For the pair problem today, we'll build a pipeline which manages the *basic* requirements for an NLP project. The goal is to build a toolbox for converting one or more strings of text into a matrix (retaining textual information along the way).

## Step 1: Read in Data

In [10]:
import pandas as pd
import numpy as np

In [2]:
df = pd.read_csv('~/Downloads/abcnews-date-text.csv')
df.head()

Unnamed: 0,publish_date,headline_text
0,20030219,aba decides against community broadcasting lic...
1,20030219,act fire witnesses must be aware of defamation
2,20030219,a g calls for infrastructure protection summit
3,20030219,air nz staff in aust strike for pay rise
4,20030219,air nz strike to affect australian travellers


## Step 2: Vectorize (part 1)

Using one of the below vectorizers provided by Sci-Kit Learn, **convert the `reviews` pandas Series to a matrix**, where each row represents a document, and each column represents a term (or, a word in a document).
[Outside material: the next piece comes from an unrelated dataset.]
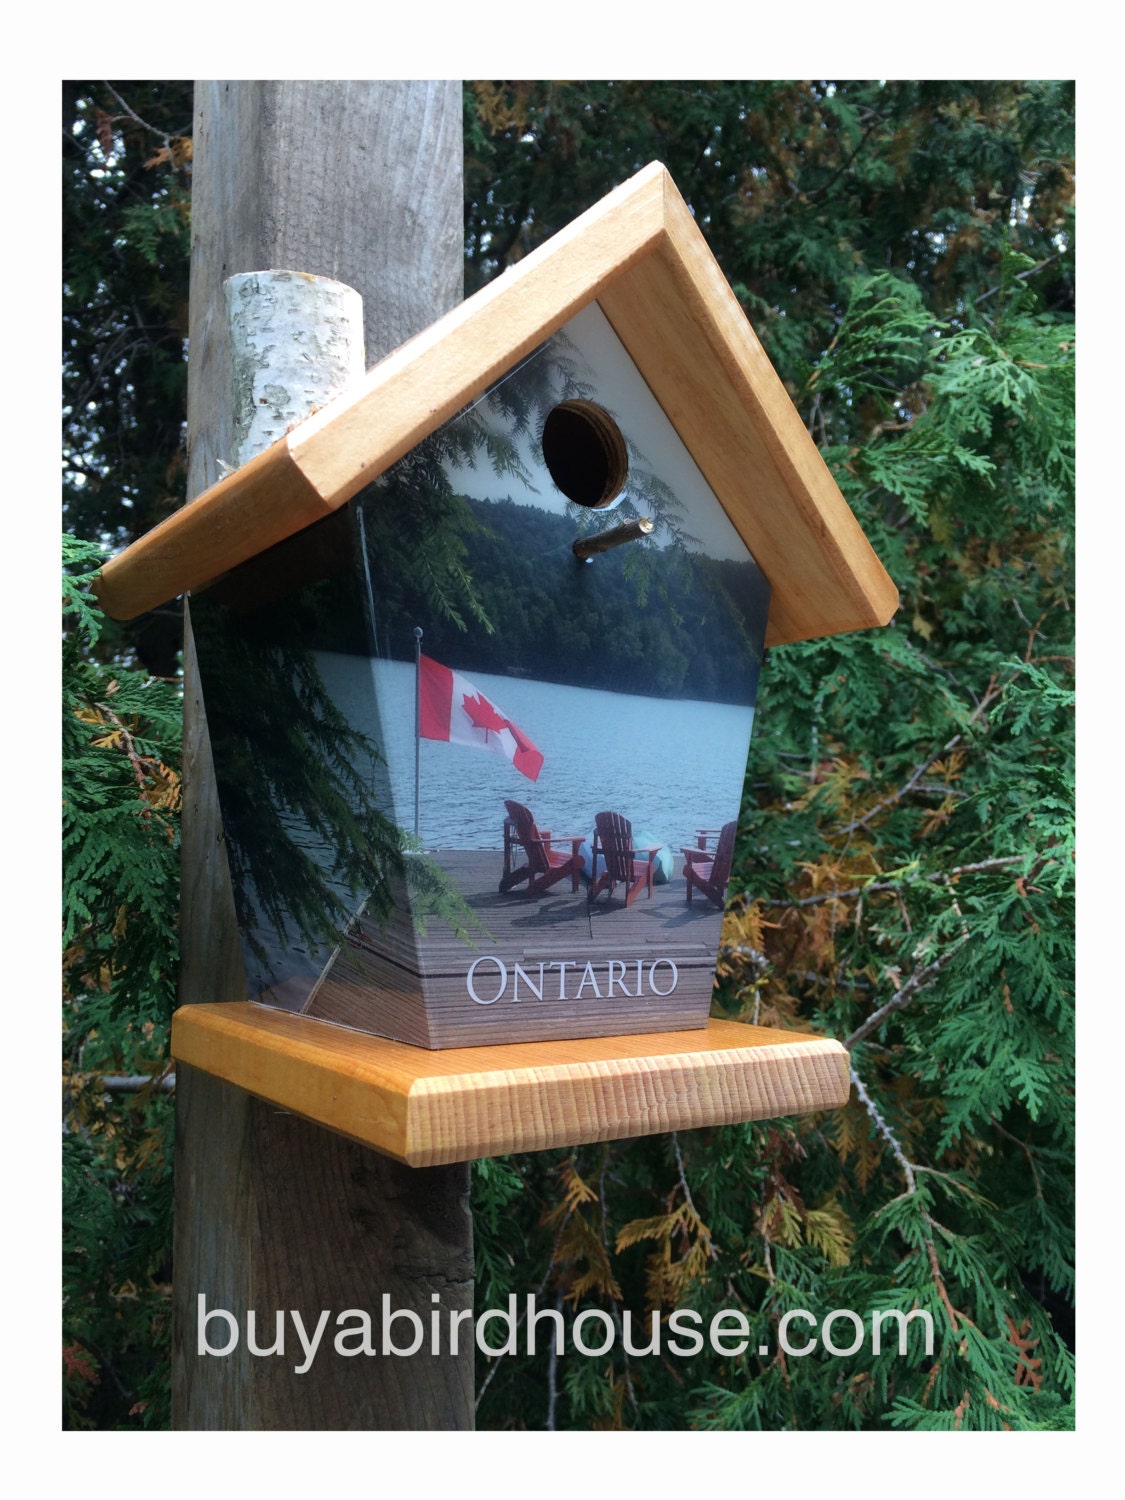 Ontario Birdhouse/Feeder

The number of rows should match the number of rows in `df` — this is called the "corpus". And, the number of columns should be the total number of *distinct* terms (i.e., words) in the corpus — this is called the "vocabulary".

**Build the matrix such that the value at `(i,j)` is the *Count* of term (column) `j` in document (row) `i`.**

**What are the terms in this corpus?** *Hint: When using one of these vectorizers, what is the difference between `.vocabulary_` and `.get_feature_names()`?*

*Note: The default behaviour for vectorizers is to output a Sparse matrix.*

In [3]:
from sklearn.feature_extraction.text import TfidfVectorizer, CountVectorizer

In [4]:
docs = df.headline_text

In [5]:
vec = CountVectorizer()

In [6]:
doc_term = vec.fit_transform(docs)

In [11]:
vec.vocabulary_

{'aba': 4665,
 'decides': 25198,
 'against': 5913,
 'community': 21254,
 'broadcasting': 15400,
 'licence': 51363,
 'act': 5288,
 'fire': 33684,
 'witnesses': 94686,
 'must': 59152,
 'be': 11516,
 'aware': 9888,
 'of': 62095,
 'defamation': 25374,
 'calls': 16958,
 'for': 34625,
 'infrastructure': 44473,
 'protection': 68858,
 'summit': 83464,
 'air': 6232,
 'nz': 61725,
 'staff': 81689,
 'in': 43928,
 'aust': 9583,
 'strike': 82846,
 'pay': 64904,
 'rise': 73710,
 'to': 86856,
 'affect': 5775,
 'australian': 9638,
 'travellers': 87872,
 'ambitious': 7142,
 'olsson': 62368,
 'wins': 94525,
 'triple': 88206,
 'jump': 46985,
 'antic': 7854,
 'delighted': 25653,
 'with': 94643,
 'record': 71323,
 'breaking': 15014,
 'barca': 10886,
 'aussie': 9577,
 'qualifier': 69690,
 'stosur': 82616,
 'wastes': 92973,
 'four': 34953,
 'memphis': 55926,
 'match': 54705,
 'addresses': 5422,
 'un': 89301,
 'security': 77124,
 'council': 22877,
 'over': 63341,
 'iraq': 45396,
 'australia': 9635,
 'is': 455

In [12]:
doc_term.shape

(1103665, 96687)

In [13]:
df.shape

(1103665, 2)

## Vectorize (part 2)

**Build the matrix such that the value at `(i,j)` represents a sort of *normalized frequency*,** which takes into account (a) the density of term `j` in document `i`, as well as (b) the number of documents in which that term occurs.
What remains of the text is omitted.